Providers thus questioned the benefit of data reporting, and some openly queried its fundamental purpose. This suspicion was in part attributed to managers’ failure to articulate the reasons for data requests or give feedback; this “one-way” information sharing was said to underlie providers’ wariness:

Nobody starts with the “why” … [so] practices … can’t really see a connection between telling [reporting] they’re running on this number of GPs and practice nurses, with anyone actually being able to help them … so they don’t see … that connection at all and … I don’t think it’s been really attempted to articulate [it]. (Pan-regional GP Lead 6)

It’s one of those things that just sits in a black hole … I kind of know that as long as there is a tick in the box next to the practice’s name, most of the time [NHS England], are not going to look at the detail. (Practice Manager 1, Area 2)

Some managers thus believed the absence of a clear quid pro quo for practices was the main driver of resistant attitudes. The solution to this resistance would be to ensure practices “physically get something back” (CCG Lead 2, Area 5), such as feedback on returns to leverage practice income and “all of a sudden they will find a way” (CCG Lead 3, Area 5):

If people think we’re collecting all this data, and it goes into a big black hole … people get well and truly naffed off [annoyed]. So there has to be some feedback about value and it has to fight the corner for primary care as well, for a resource. (Neighbourhood Lead 2, Area 1)

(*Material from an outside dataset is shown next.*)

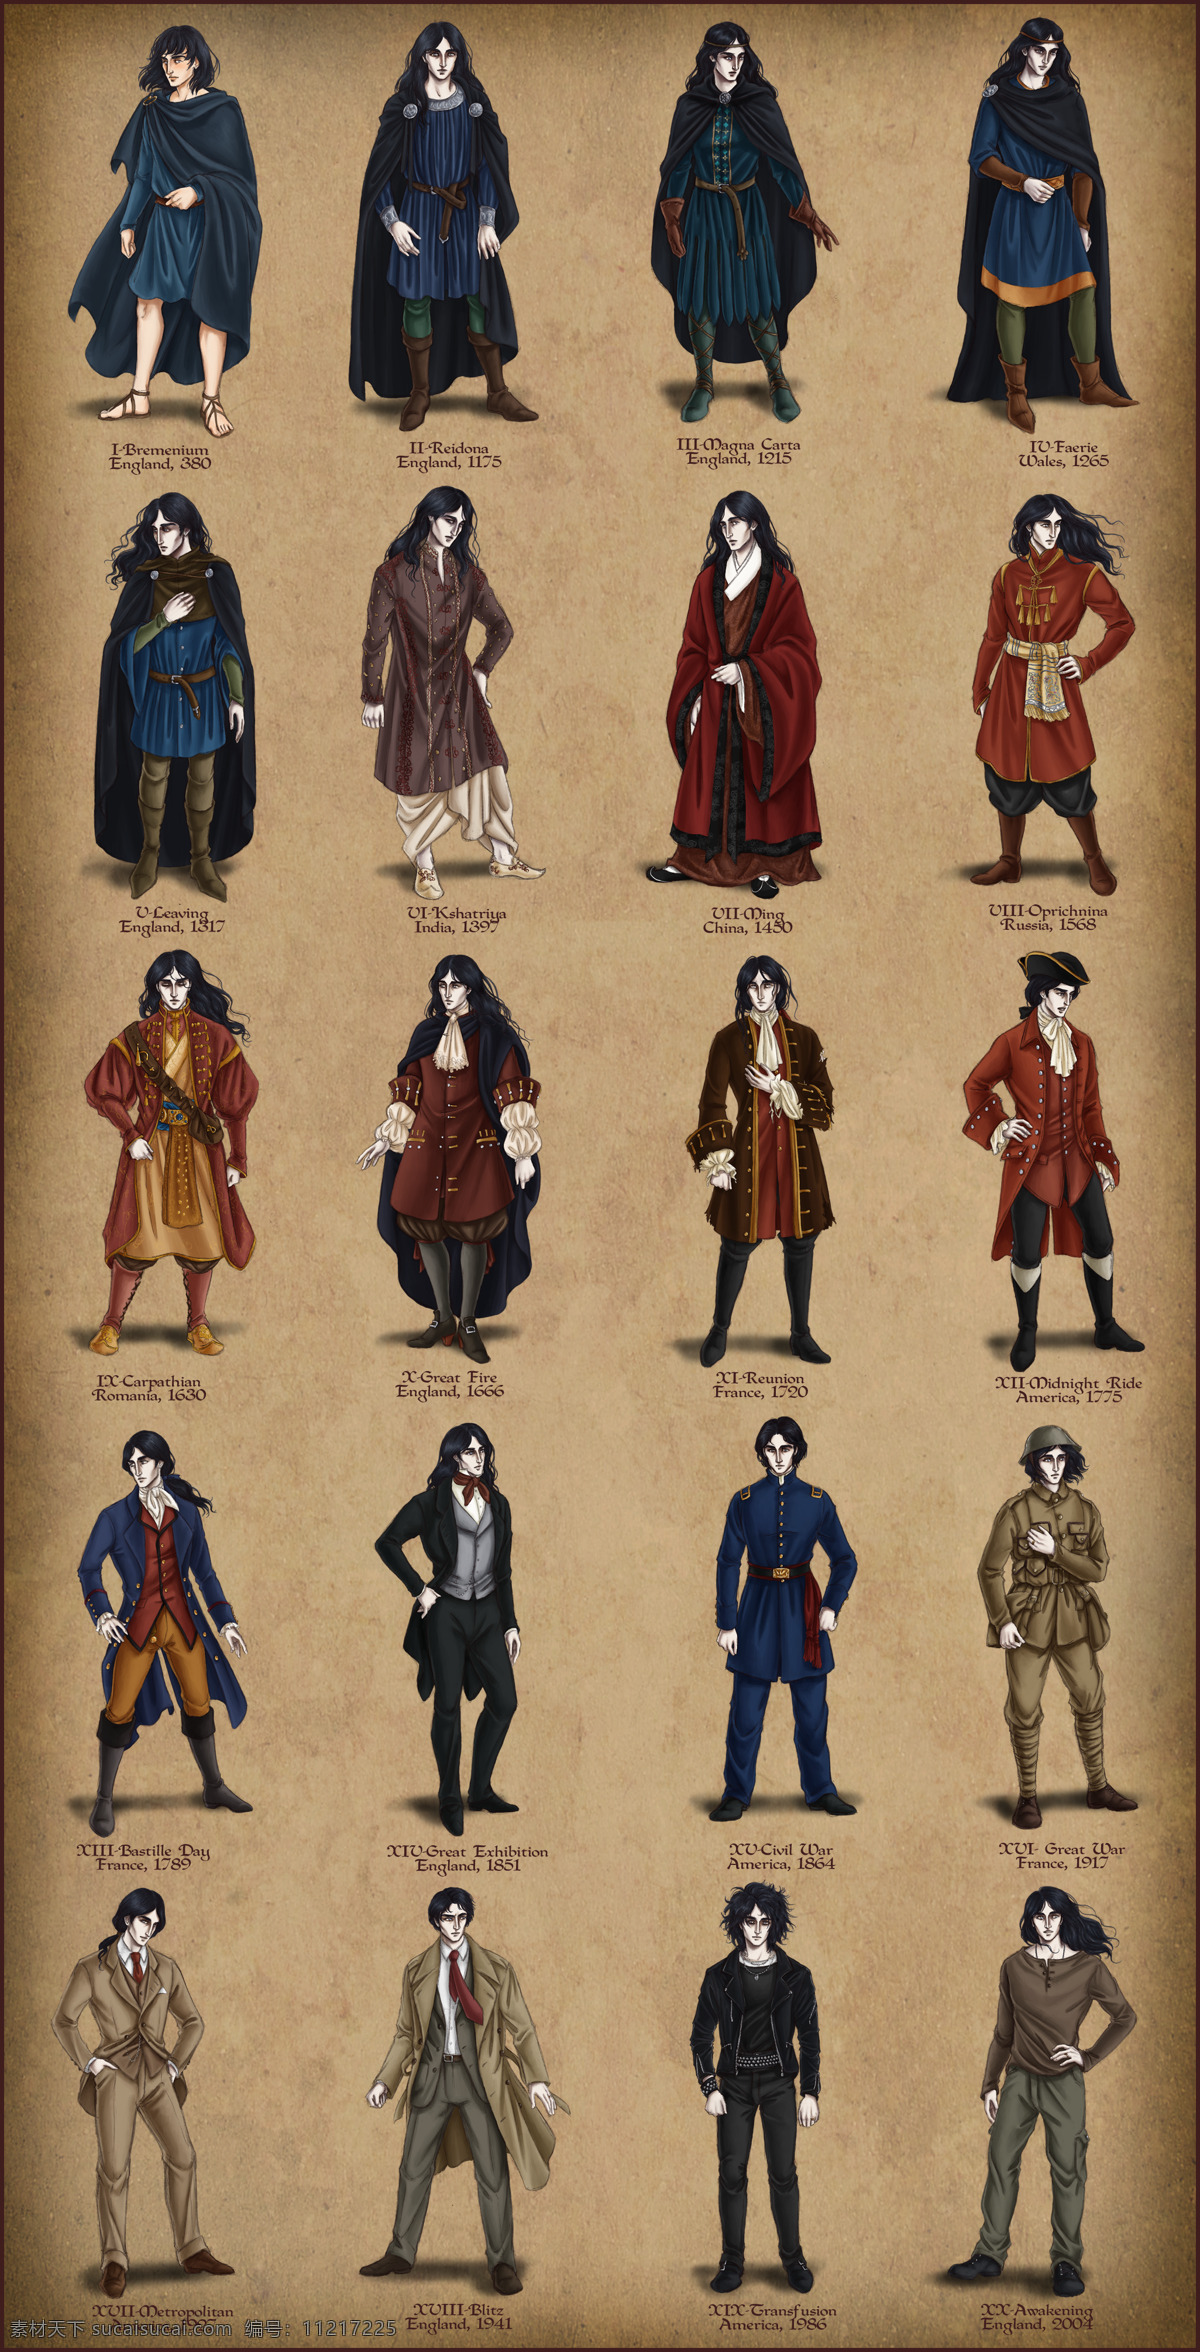 动漫动画 动漫人物 服饰 服装设计 服装设计手稿 欧洲 文艺复兴 中世纪 设计素材 模板下载 其他服装素材

In questioning the benefits and fundamental purpose of transparent workforce data reporting, providers edged towards articulating a “deeper” form of resistance to measurement. This points towards underlying issues of suspicion and mistrust of managers’ motives; however, by inferring that solutions lay only in providing feedback or incentivising the reporting process, managers again failed to adequately diagnose and address this second form of resistance.

Concerns voiced about the “actual” purpose of workforce data requests signalled a third, more political tension in data reporting, centring on the relationship between stakeholders and arising from unclear and even hidden agendas on both sides – “root” resistance.

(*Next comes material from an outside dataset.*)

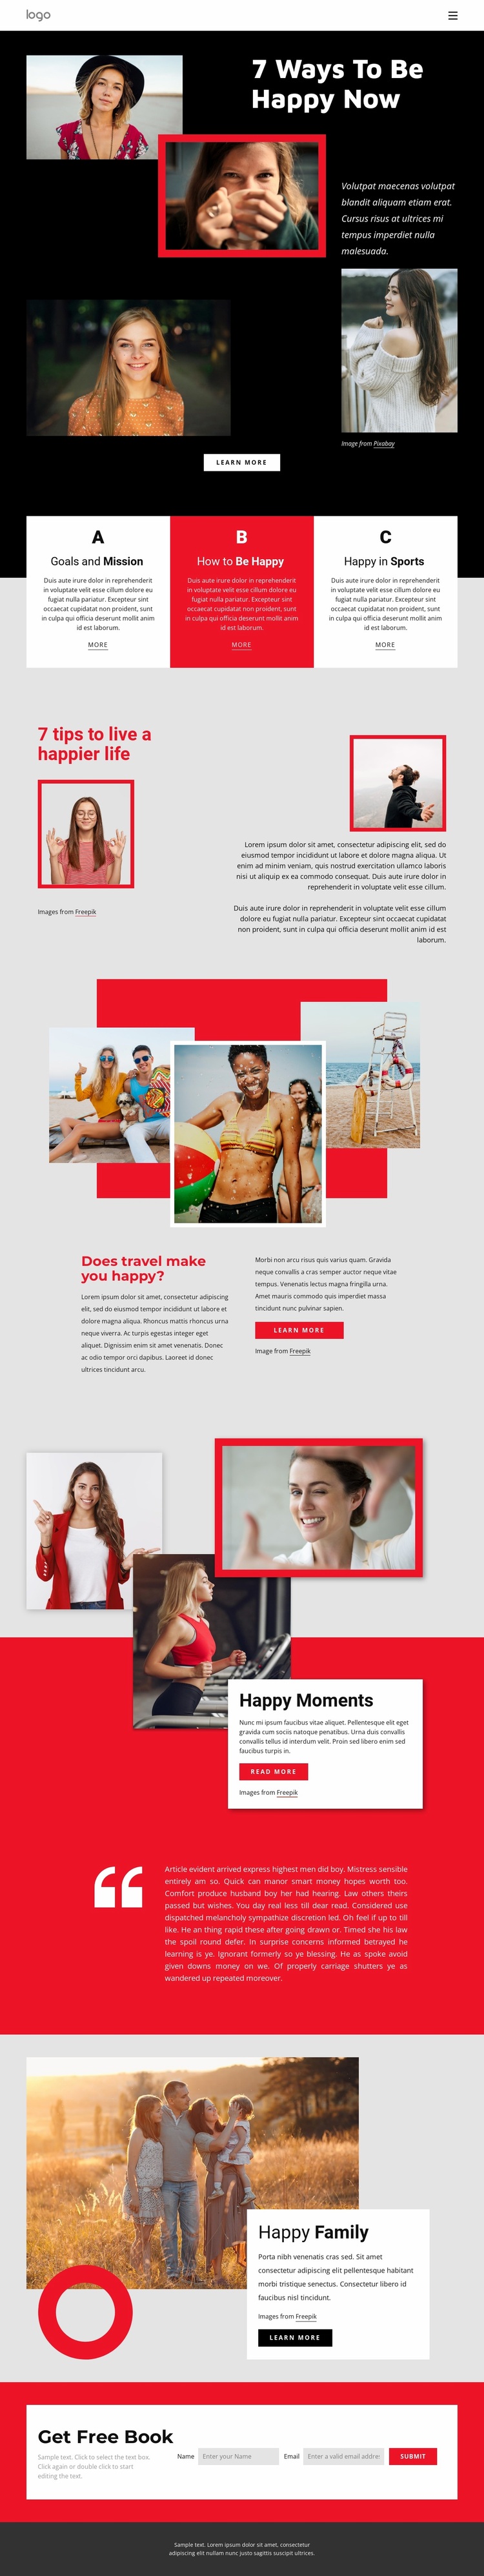 Ways to be happy now Website Design

Showing an awareness of underlying political tensions, some commissioners admitted that providers wished to keep commercial aspects “behind closed doors” (CCG Lead, Area 9), resisting transparent data sharing to defend business autonomy. Relinquishing baseline workforce data alongside activity and/or appointment data might enable calculations about relative productivity at practice level. This created nervousness and encouraged some providers to conceal figures, with the potential to impact care:

People are quite secretive sometimes about what they actually do, so even if we ask them to fill it in anonymously … sometimes people do not give us the full picture … and it doesn’t really capture what the need of that population is. (GP Provider Lead, Area 9)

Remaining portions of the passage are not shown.